PyMetrics User Guide¶
Contents
PyMetrics consists of four key concepts: Instruments, recorders, publishers, and configuration. Instruments are the concept that encapsulate the “what” of metrics—counters, timers, gauges, and histograms. Recorders are objects used to manage the creation and recording of instruments and send those metrics to configured publishers. Publishers are the pluggable tools that understand vendor-specific metrics consumers or datastores and know how to publish metrics to those consumers or datastores. Finally, configuration is what ties it all together.
Instruments¶
Instruments encapsulate the core concept of PyMetrics. All instruments extend pymetrics.instruments.Metric
and
provide different means for setting or calculating values. You can obtain the value of any instrument by accessing the
value
property.
All instruments must have a name. Additionally, all instruments also support the notion of tags, or arbitrary “notes”

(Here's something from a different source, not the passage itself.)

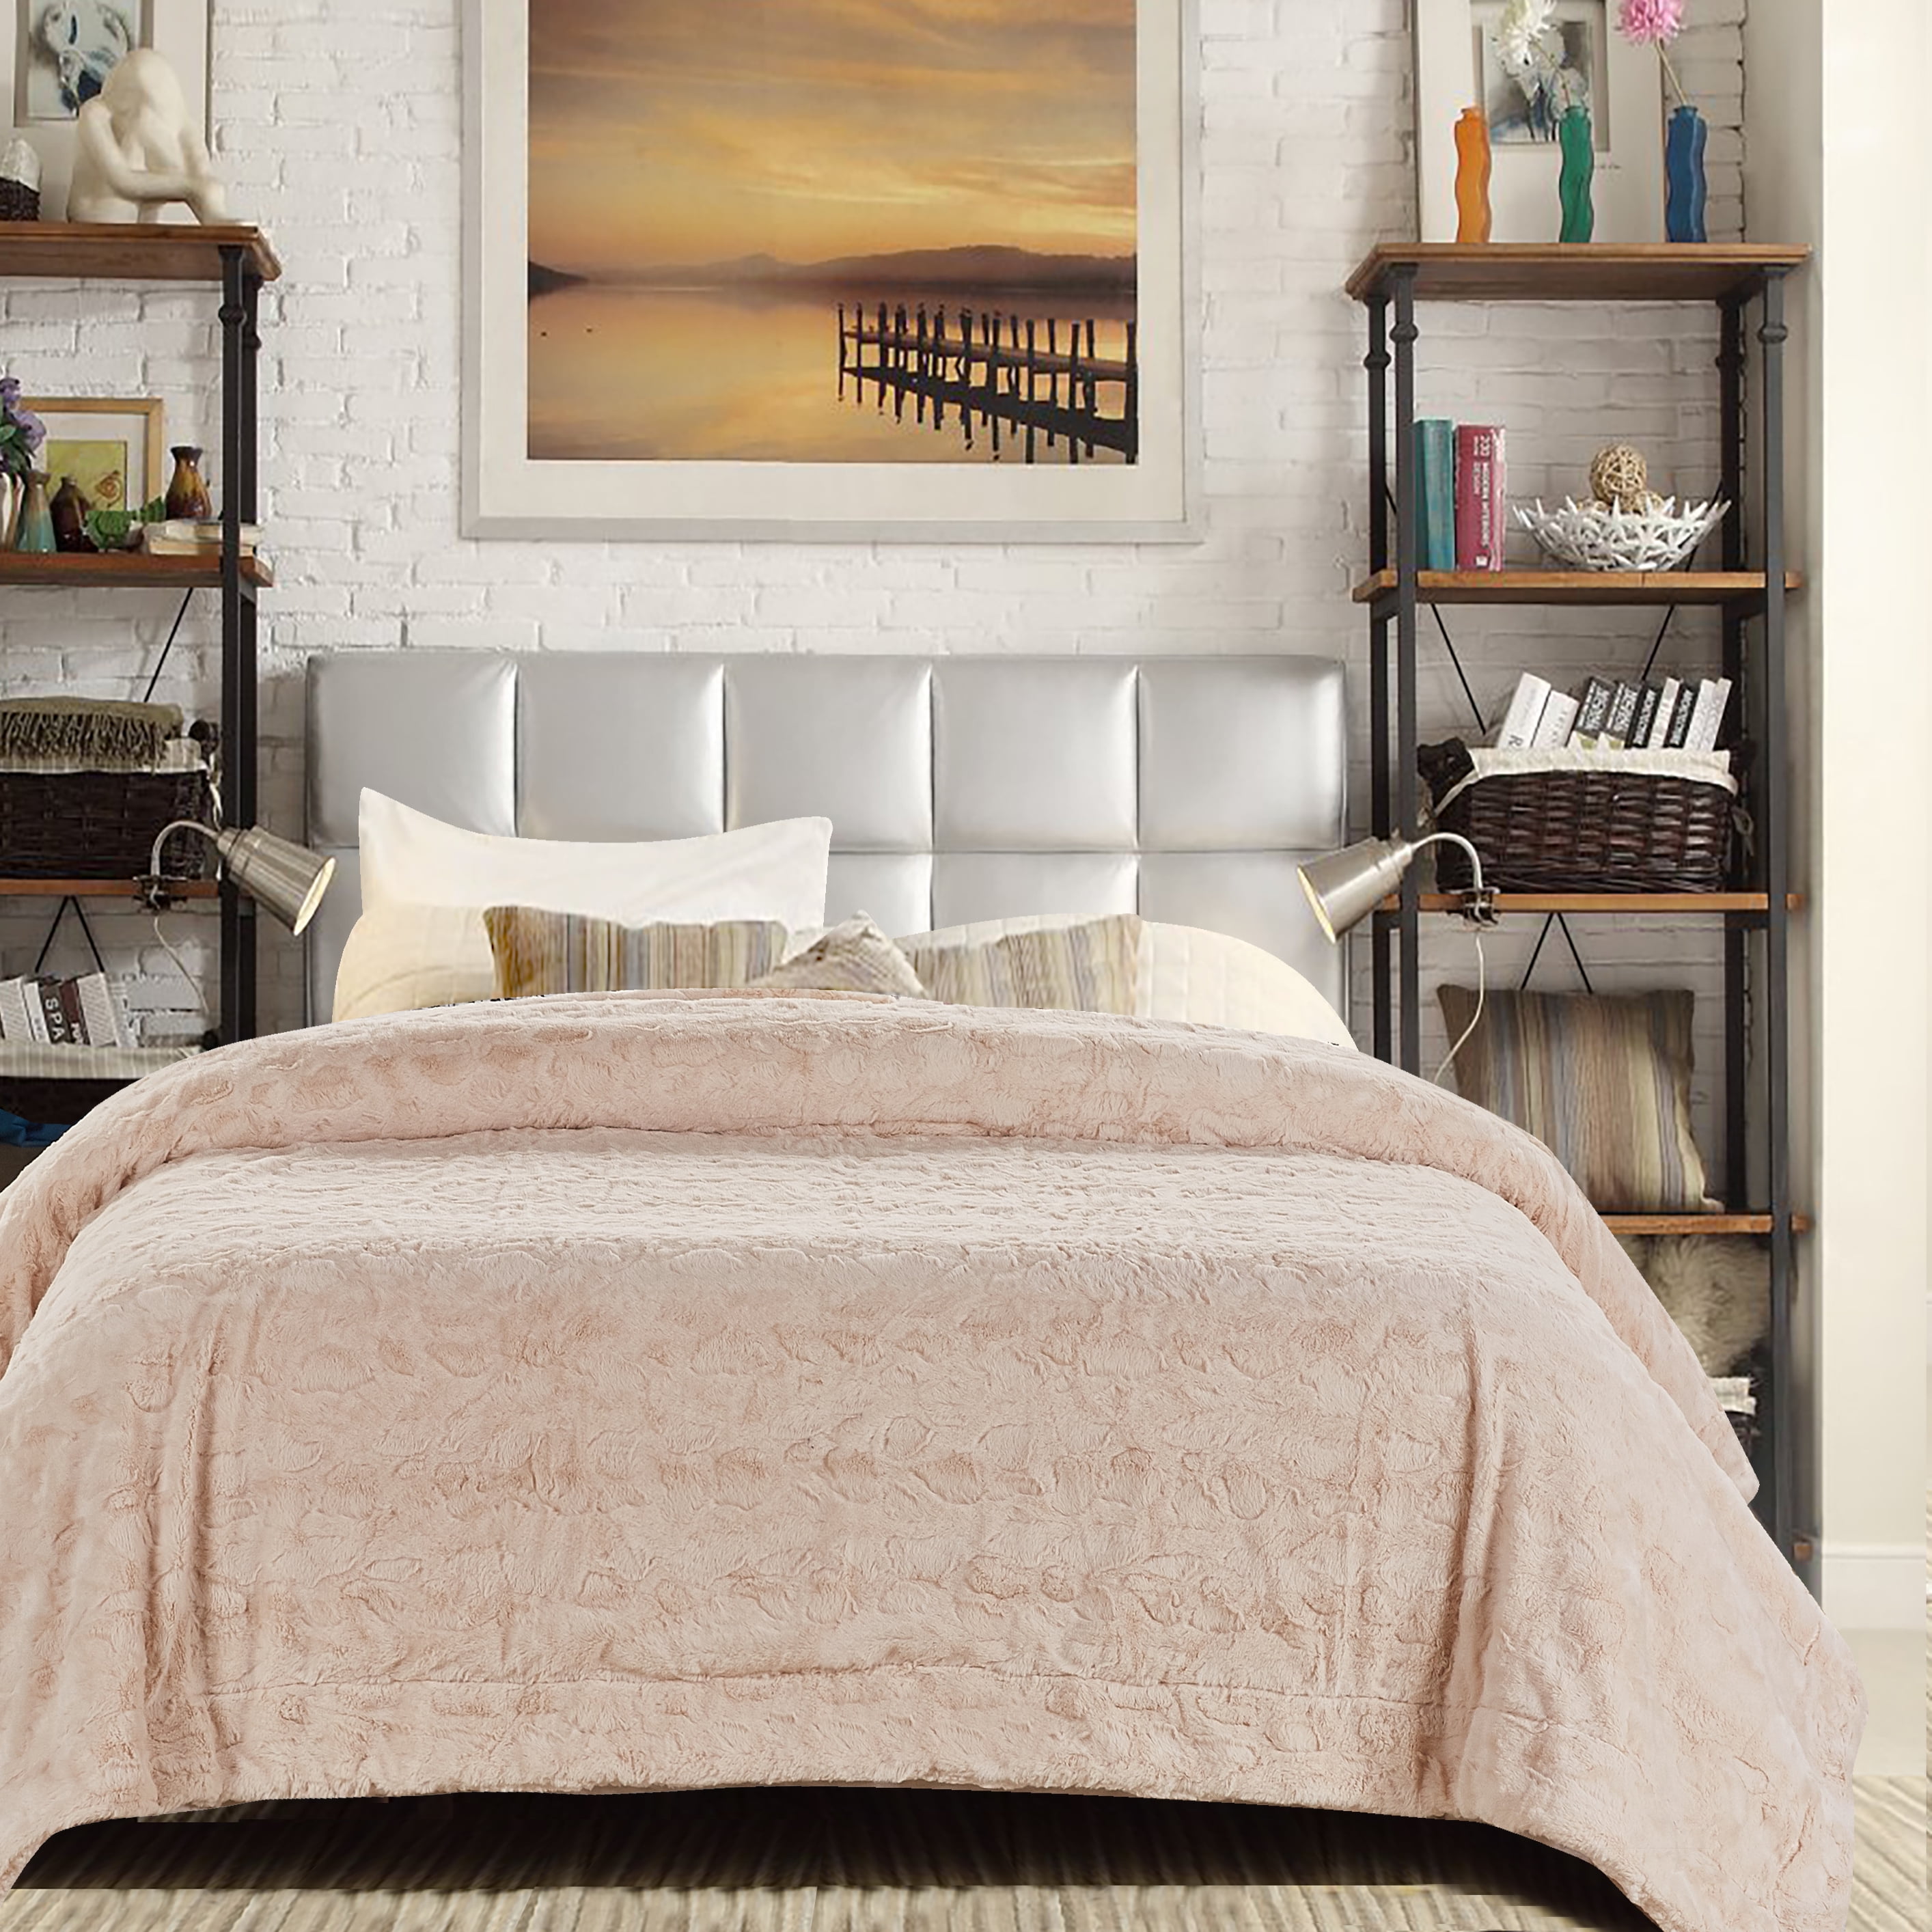 Blivener Super Soft Long Shaggy Throw Blanket Fluffy Faux Fur Blankets Warm Cozy Bedspread Light Grey 160 x 200 CM

that supplement the name. Tags are passed to the constructor as keyword arguments other than those the constructor
already understands, and can also be modified with the tags
attribute, which is a dictionary of tag names to tag
values. Tags can be strings, integers, floats, Booleans, or None
(a special case where the tag is just “present”
and a value is meaningless). However, you should note that not all publishers support tags: The logging and Datadog
publishers support tags, but the Statsd and SQL publishers do not (at this time). Publishers that do not support tags
will silently ignore them, so you can feel safe to use them any time without worrying about errors.
Counters¶
Counters are represented with the pymetrics.instruments.Counter
class. Counters can be incremented with the
increment
method, which by default increments by 1 but accepts an argument to increment by more. Counters have a
default value of 0 unless you pass a different default value to the constructor. You can also reset
a counter; with
no argument, it resets to the default value of 0 or as specified in the constructor, but accepts an argument to reset
to that value, instead.
Another feature of counters is that they can be recorded “around” function/method calls, so that each call to the function or method records a counter with value 1. More about this below in Decorators.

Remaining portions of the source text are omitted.